Gross Point Blank

Forgiveness isn't Easy

Forgiveness isn't easy. During my mom's illness, I had a situation with a friend that's hard to describe. Our relationship went from bad to worse, then absolute dissolution--with lots of hostility attached.

After my mother died, all the resentments, all of the things that felt so unfair at the time started to surface.

With an absolute inability to get angry with my mom for being sick and dying, I let that anger fester against this person.

I had terrible thoughts. I fantasized a lot about all the things I'd wished I'd said to my friend when my mom was sick. I wished I'd defended myself, I wish I'd literally told my friend off in countless, colorful ways.

I spent a lot of dark time alone, daydreaming bad things.

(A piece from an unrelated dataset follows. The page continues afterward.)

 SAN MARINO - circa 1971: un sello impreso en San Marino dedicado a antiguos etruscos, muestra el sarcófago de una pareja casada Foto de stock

Then something happened. I was lying in bed one night praying and God told me to forgive. Like a stubborn child, I said, "No. I don't want to."

The next time God told me to forgive, I said, "I don't want to. Will you help me want to?"

Then, I wanted to. And in my prayer journal, I literally wrote prayers for my friend. Then internally I'd do an about face and start re-hashing the hurts. This was an impetus for confession.

Time went on and the cycle continued, prayer, anger, confession.

It was a struggle.

Then God said, again, forgive. I said, "Please just show me how."

On Mother's Day, I drove to visit my mom's grave. I dropped to my knees and cried my heart out. I didn't get up to leave her until I was all dried up.

On the drive home, I discovered a Christian radio station and a song came on called "Bring on the Rain."

The song is a conversation with God, explaining gratitude for life's hardships. As long as God is glorified in the end, bring it on.

Then something strange happened.

My heart was filled with mercy and fervent prayer for my friend. In that drive home, I wanted nothing more than for God to grab hold of her heart and simply bless it. In that short time, I was given a brief glimpse into the freedom of sacrificing my anger and hurt feelings.

It's not that I was completely in the clear. I wasn't. But at least when the cycle would begin again, I had a reference point and full faith in Who to hand my heart over to through prayer.

Not too long ago, there were a couple of days in a row where I prayed, "God, I know I'm supposed to live by faith. But could you just please let me know You're here?"

Nothing happened the first day.

I prayed again and nothing happened the second day.

On the third day, I ran into my aforementioned friend.

My heart started to beat fast in my chest and I felt a feeling of dread. My deer-in-the-headlight eyes probably darted for the nearest exit.

Then a funny thing happened. She embraced me, said kind things to me. She was uplifting, supportive.

At that moment, I had a choice. Either cling to old, deep hurts, or see it for what it was: an answer to prayer.

And as soon as I accepted it for what it was, God's full reassurance that He could be trusted, I was free.

Thank goodness I didn't have to rely on myself to get the job of forgiving done.